__Entries supplied__:
= = = =
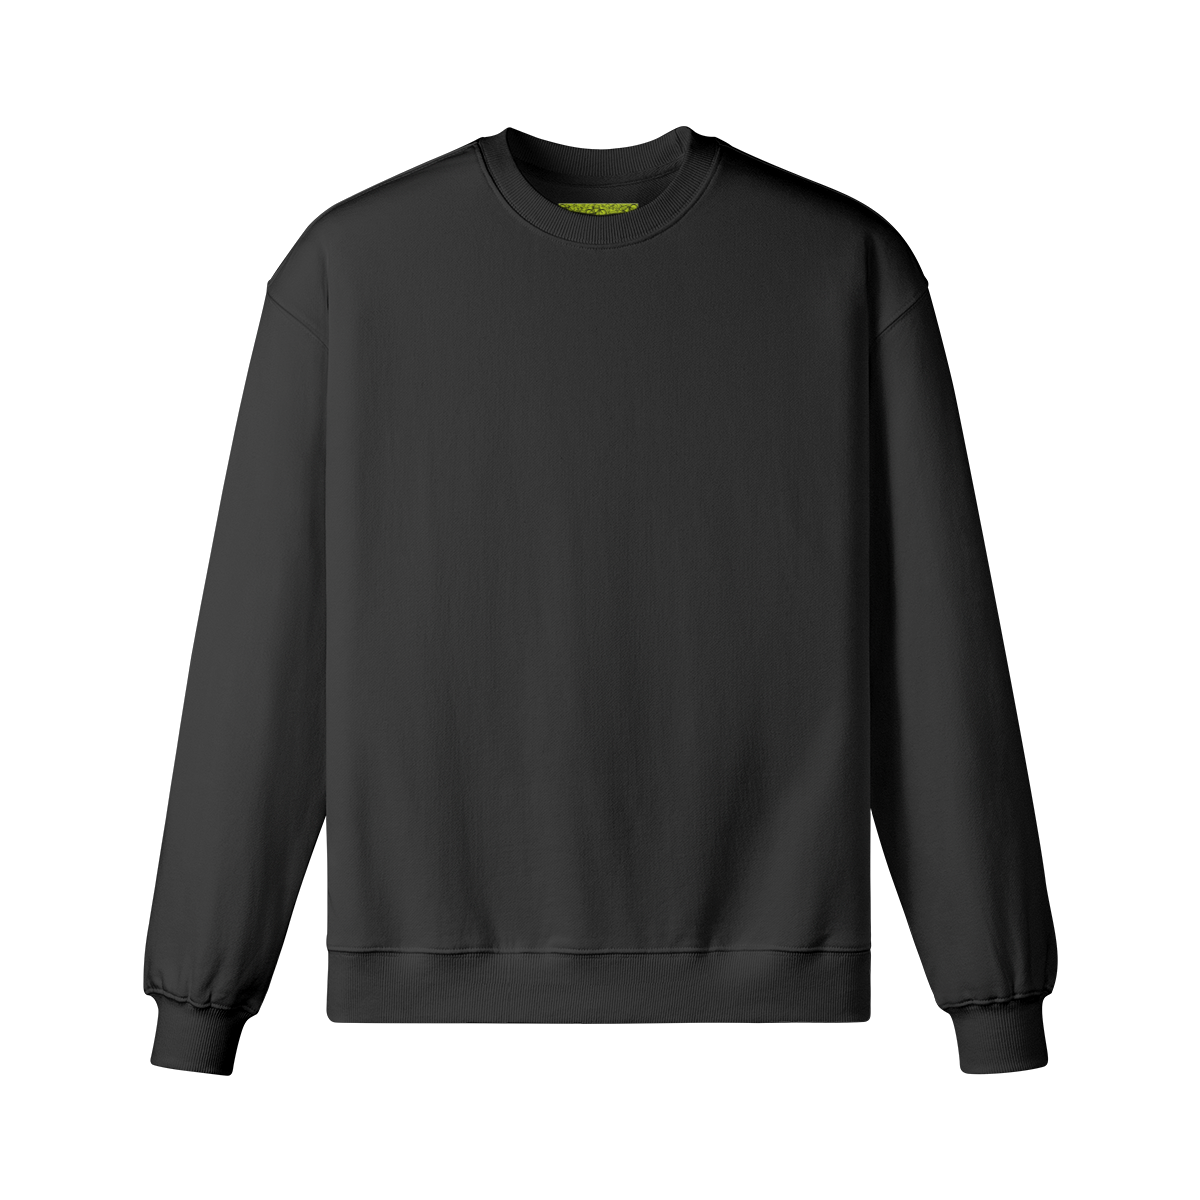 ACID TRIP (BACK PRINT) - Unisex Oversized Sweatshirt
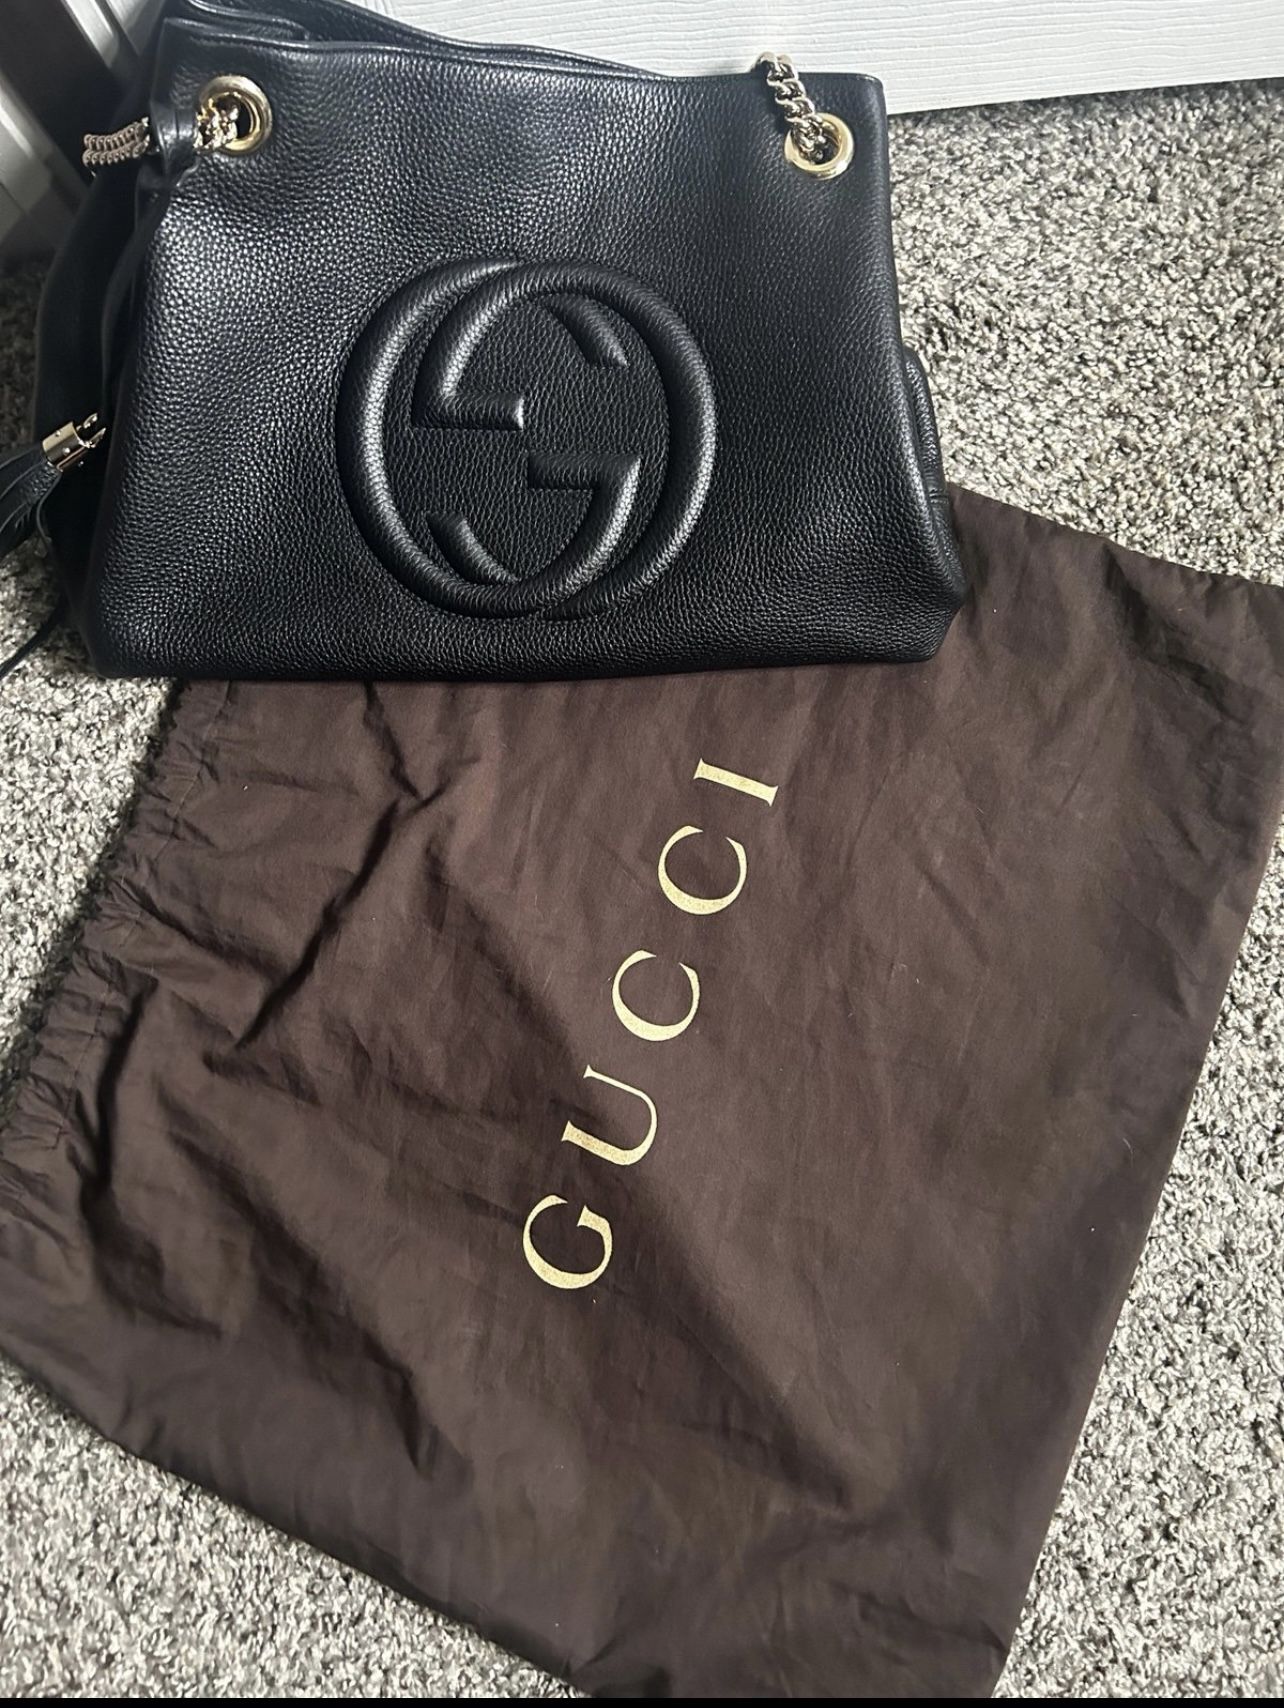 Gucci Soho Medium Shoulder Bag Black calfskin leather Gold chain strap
= = = =
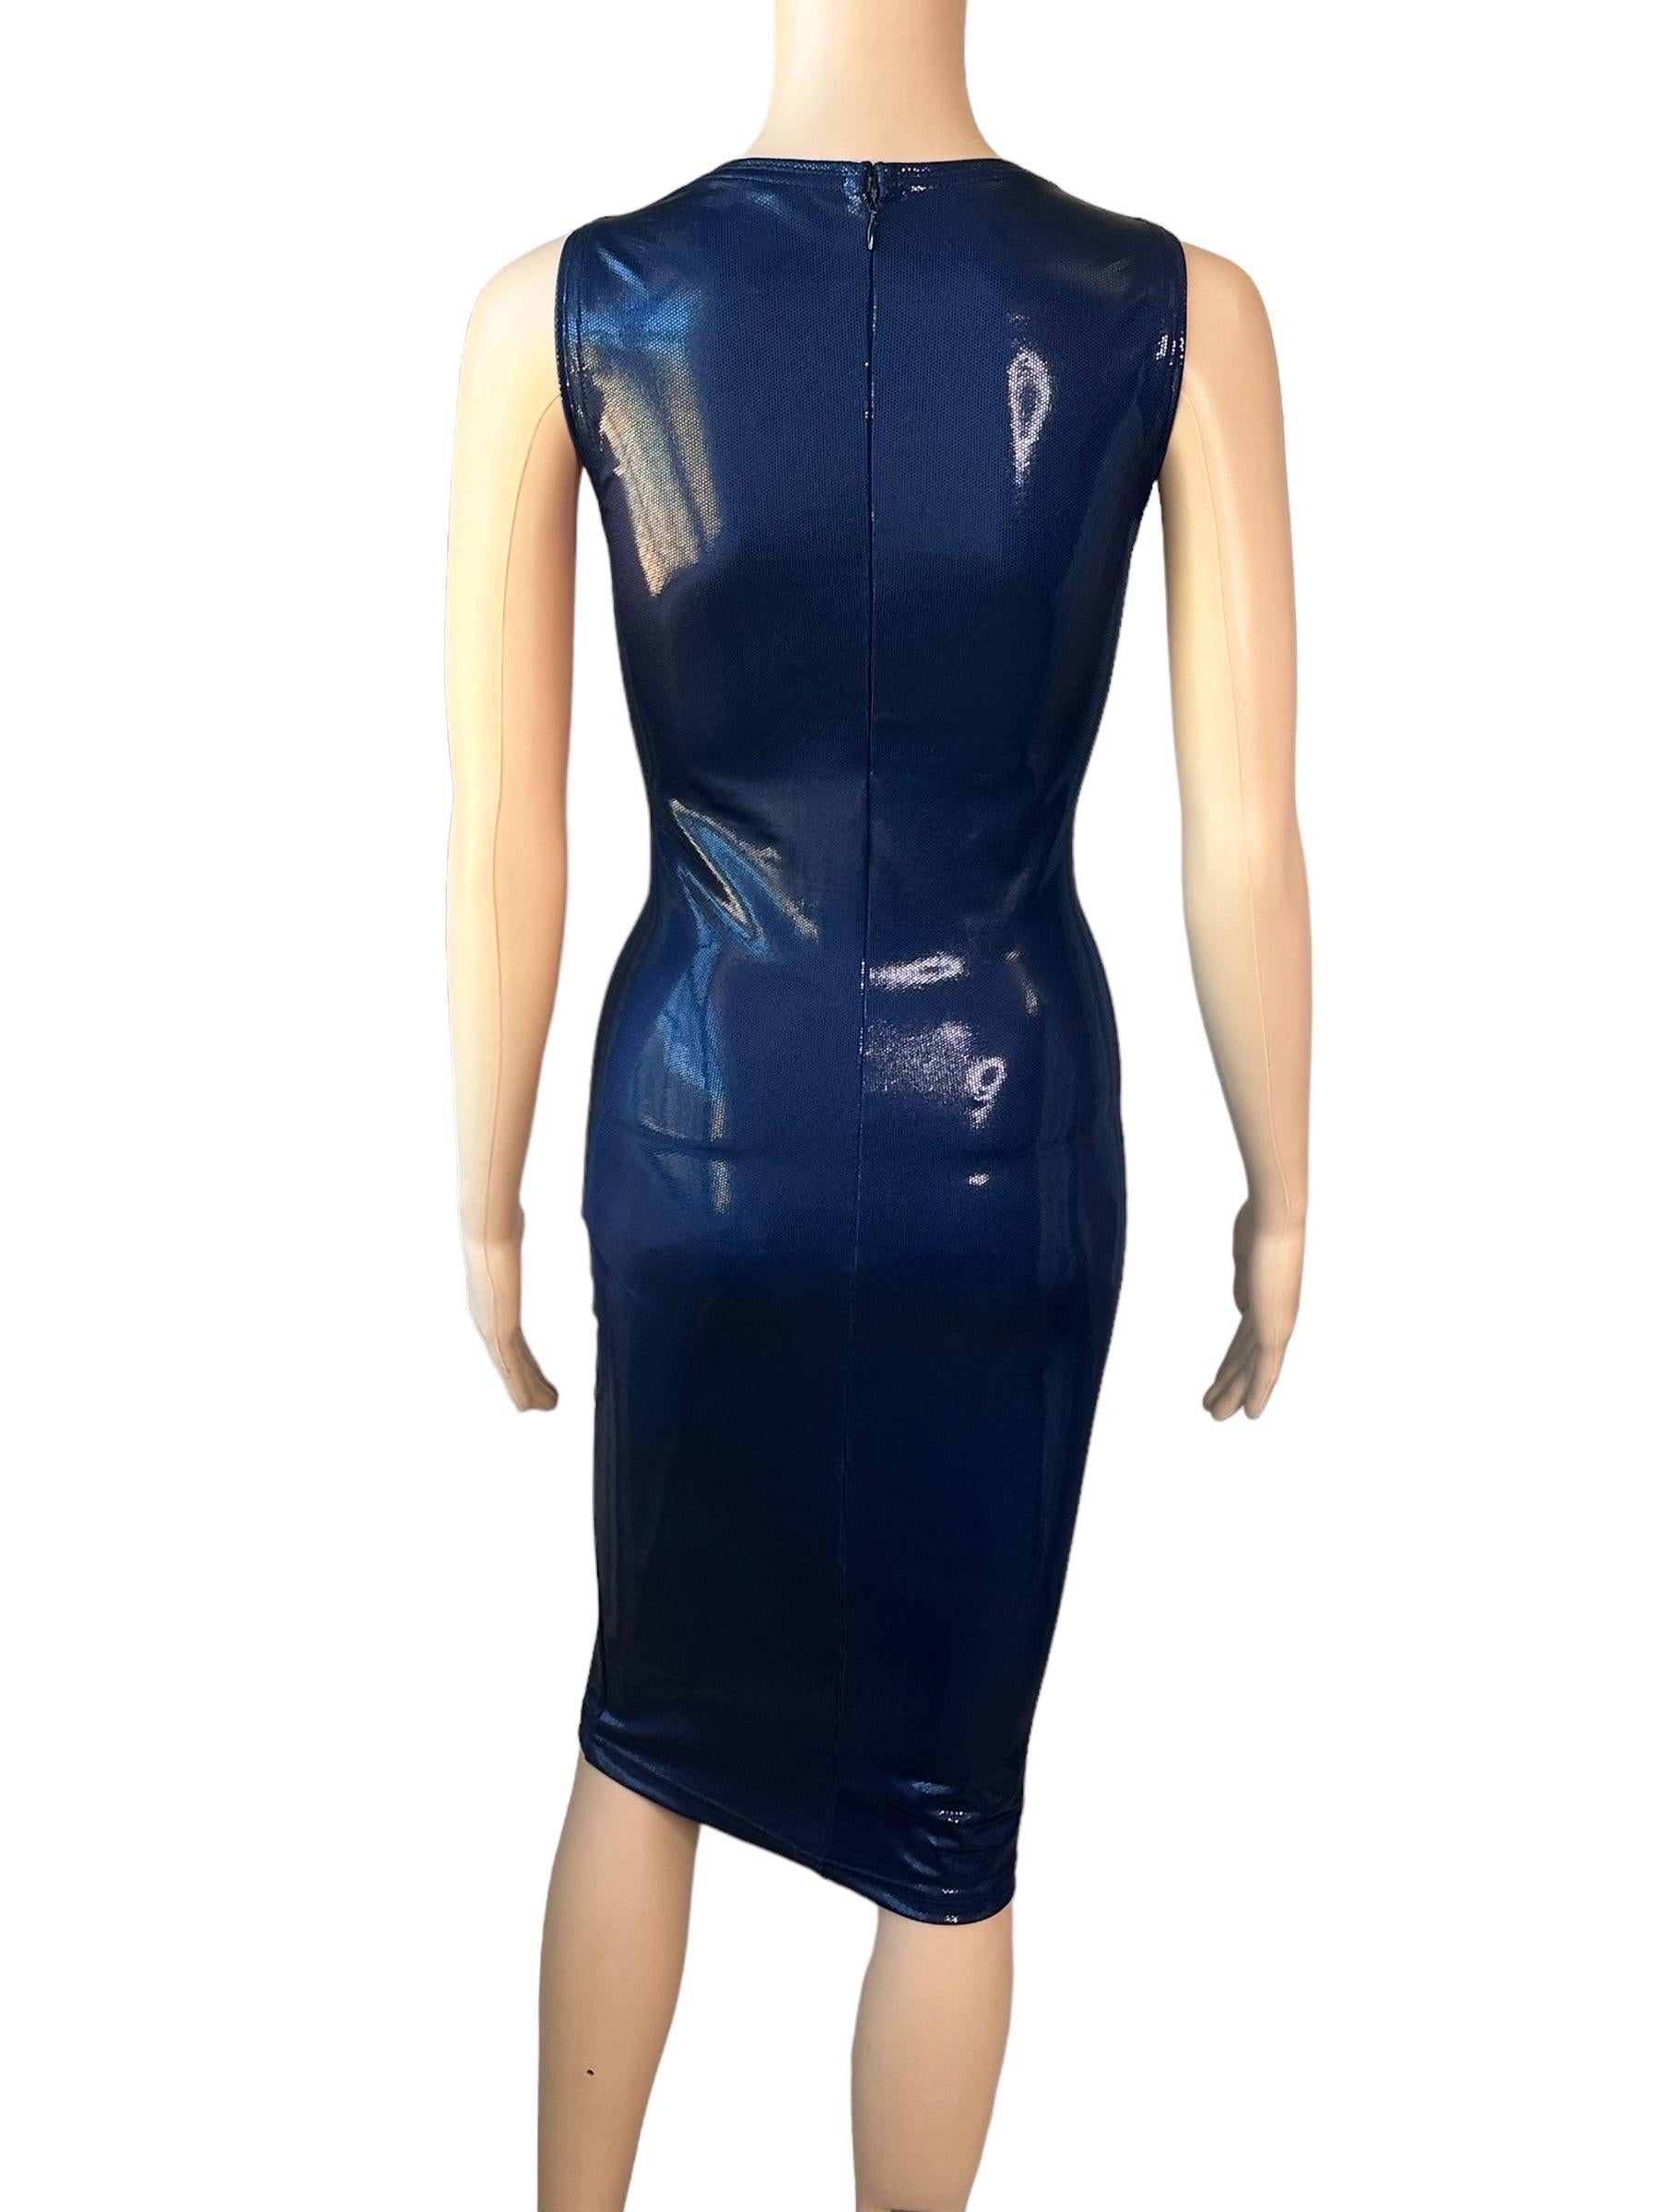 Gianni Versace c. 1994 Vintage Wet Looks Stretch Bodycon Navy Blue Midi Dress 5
= = = =
An exact copy is needed. It runs from the line above containing "ACID TRIP (BACK" down to the line containing "Gucci Soho Medium", both included, with no pictures.

__Output for this task__:
 ACID TRIP (BACK PRINT) - Unisex Oversized Sweatshirt
 Gucci Soho Medium Shoulder Bag Black calfskin leather Gold chain strap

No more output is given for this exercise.